> EXERCISE: A verbatim repeat of the lines below is required, with the pictures removed.

> INPUT DATA:
☆ ☆ ☆ ☆ ☆

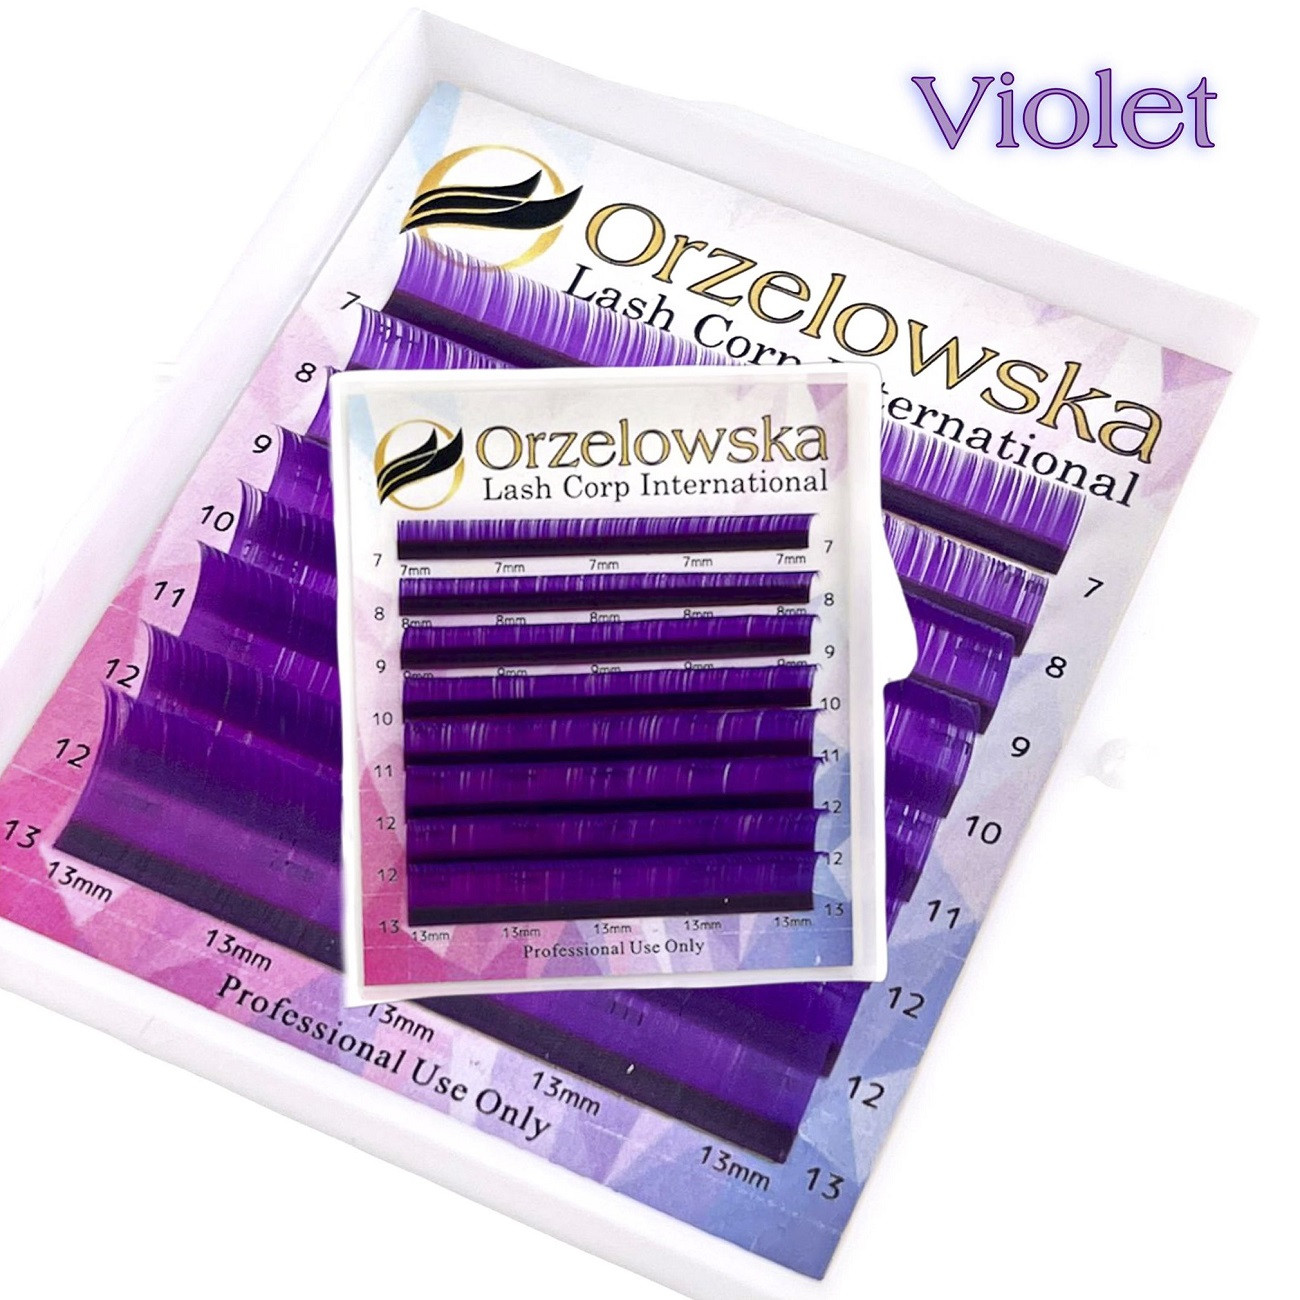 CC 0.07 Pestañas de Color, Violeta, extensiones de pestañas, bandeja con 8 líneas, Orzelowska
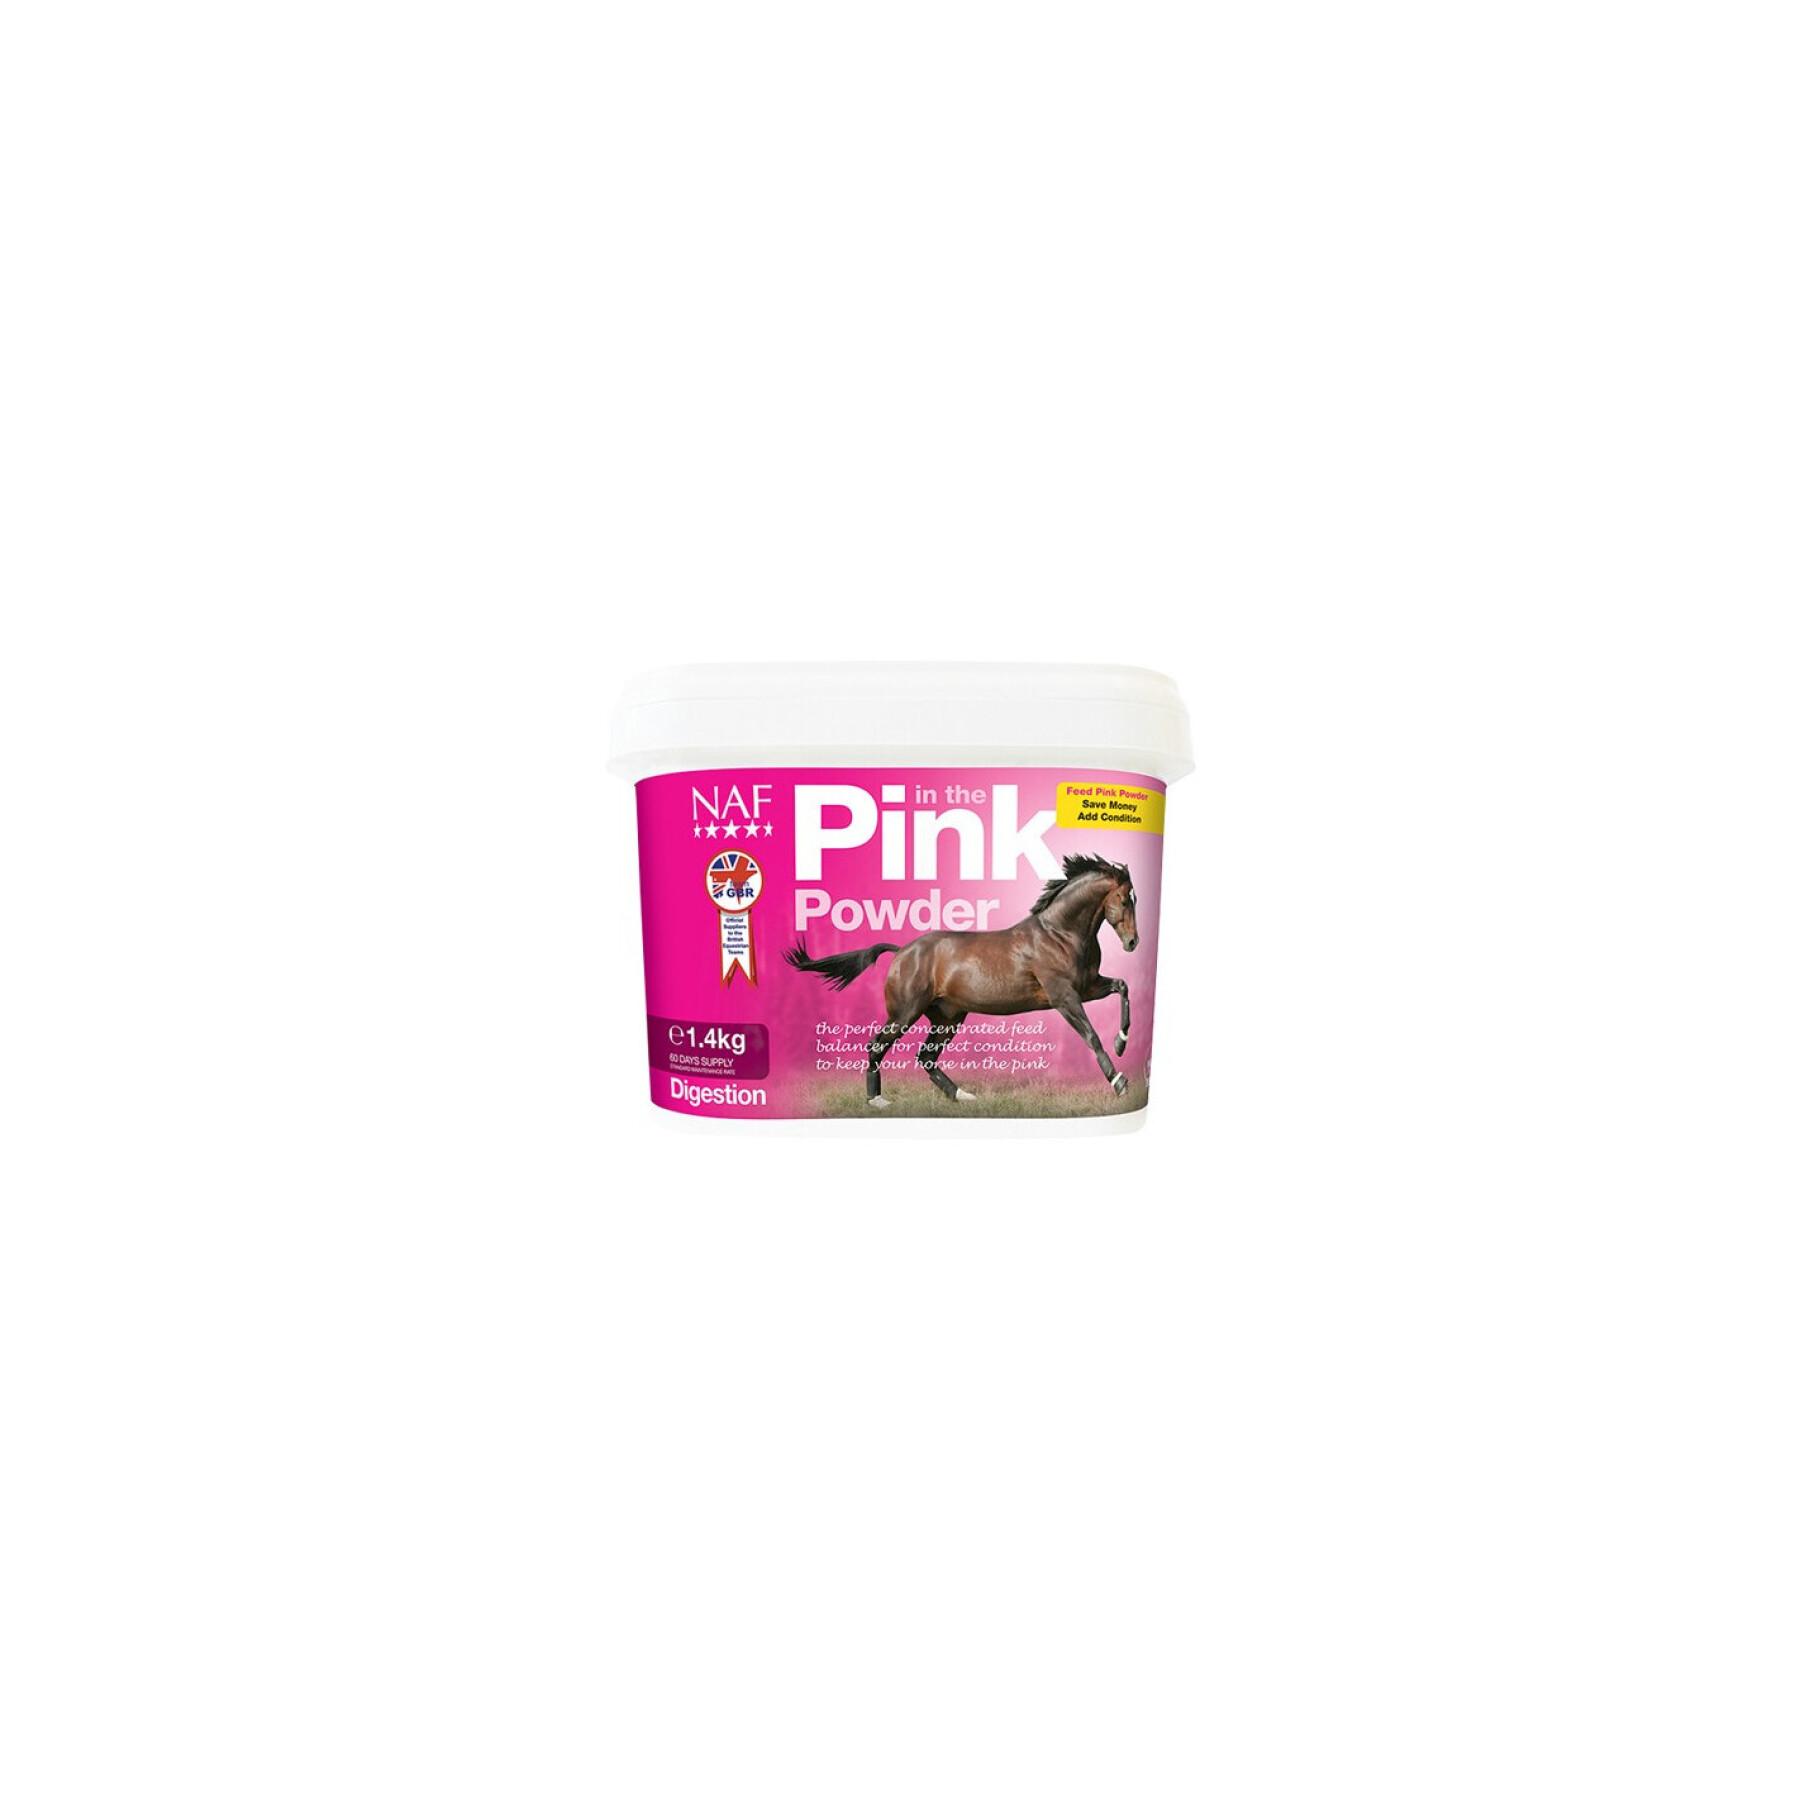 Suplemento digestivo para caballos NAF In the Pink Powder
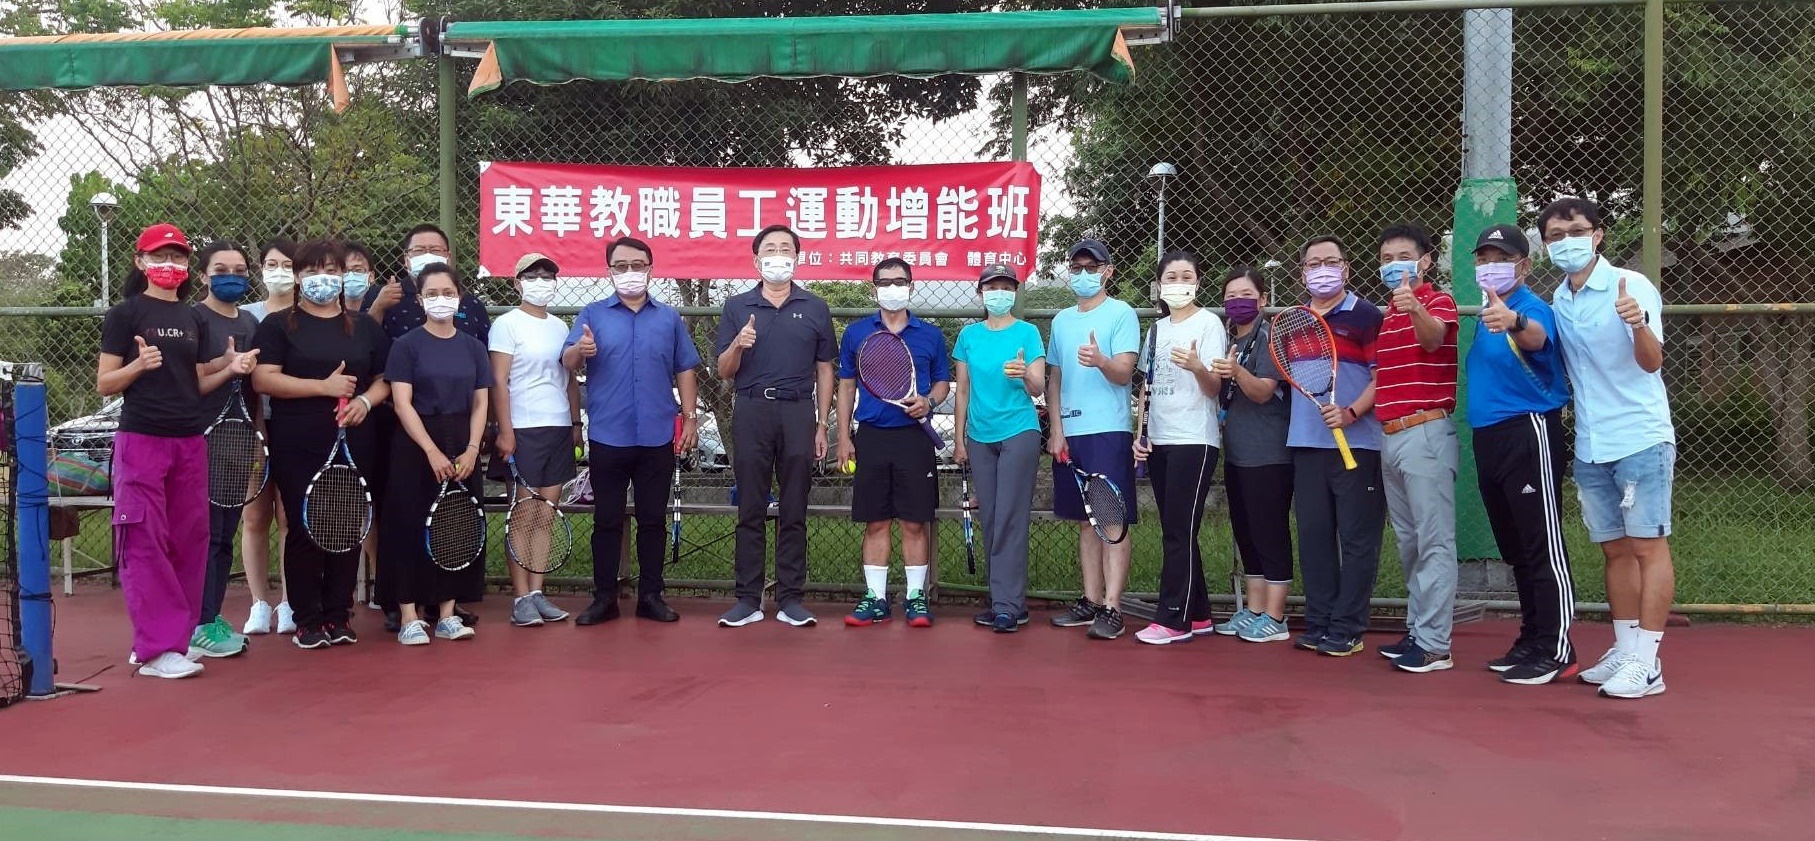 參加「教職員工初階網球課程」人員快樂合照

☆ ☆ ☆ ☆ ☆

> ANSWER FOR THE TASK:
 CC 0.07 Pestañas de Color, Violeta, extensiones de pestañas, bandeja con 8 líneas, Orzelowska
 Suplemento digestivo para caballos NAF In the Pink Powder
 參加「教職員工初階網球課程」人員快樂合照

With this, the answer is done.